We are currently trying to fix the first problem in a different context (not Spark), where worker containers store intermediate shuffle files in local disks mounted as hostPath volumes. The performance penalty is about 50% compared with running everything natively. Besides occasionally some containers almost get stuck for a long time. I believe that the Spark community will encounter the same problem in the future if they choose to use local disks for storing intermediate files.

Glad our post sparked some pretty deep discussions on the future of spark-on-k8s ! The OS community is working on several projects to help this problem. You've mentioned NFS (by Google) but there's also the possibility to use object storage. Mappers would first write to local disks, and then the shuffle data would be async moved to the cloud.
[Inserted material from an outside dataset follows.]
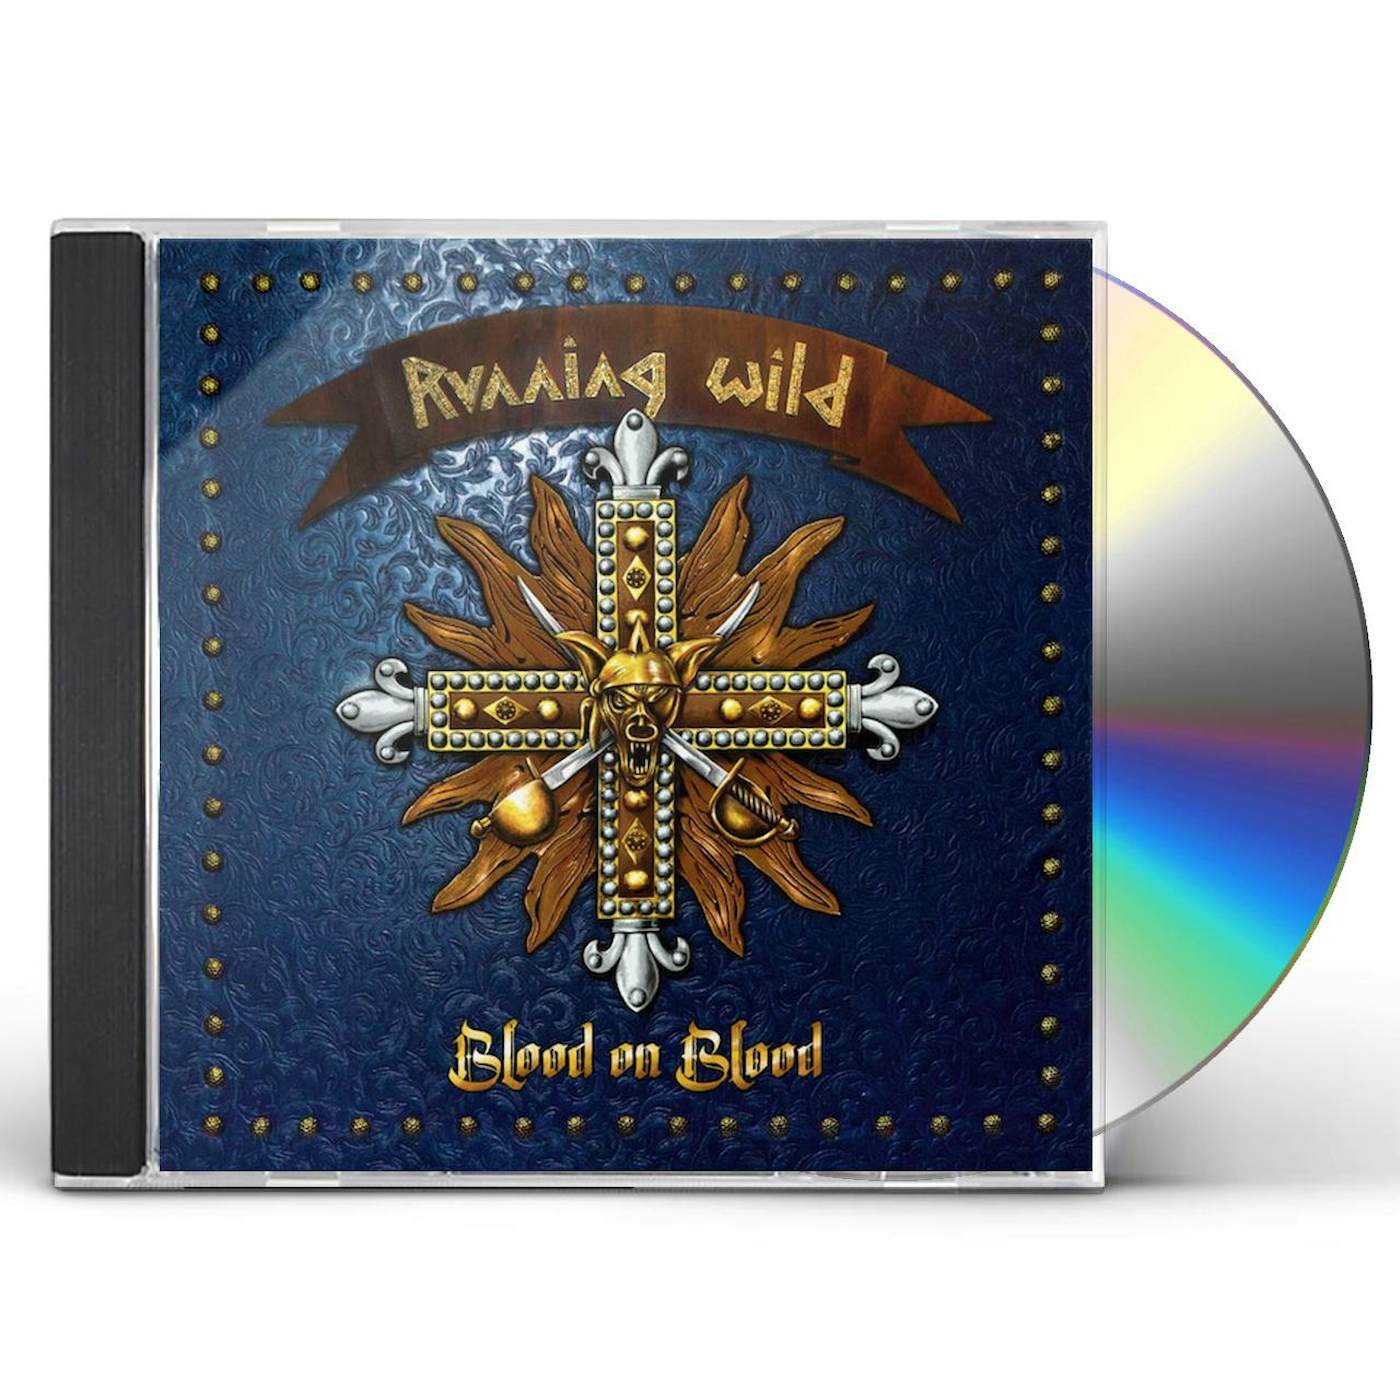 Running Wild BLOOD ON BLOOD CD

Sources: - end of presentation https://www.slideshare.net/databricks/reliable-performance-a... - https://issues.apache.org/jira/browse/SPARK-25299

I completely moved away from spark into snowflake due to this reason. It's failure modes seem to become far more predictable and you learn to become significantly more productive with it even though it's all pure SQL
Thanks for the detailed feedback. Spark can sometimes be frustrating. Automated tuning has a major impact but it is no silver bullet, sometimes a stability/performance problem lays in the code or the input data (partitioning).

That's why we're working on new monitoring solution (think Spark UI + Node metrics) to give Spark developers the much needed high-level feedback on the stability and performance of their apps. We'd like to make this work on top of other data platforms (at least the monitoring part, the automated tuning would be much harder).

Case studies: Thanks, we're working on them. Check our Spark Summit 2019 talk (How to automate performance tuning for Apache Spark) for the analysis of the impact at one of our customers.

Over the last year there's been a significant amount of low level changes in the proprietary versions of spark (aka EMR and Databricks) designed to address reliability and stability. Out of curiosity what exceptions did you run into?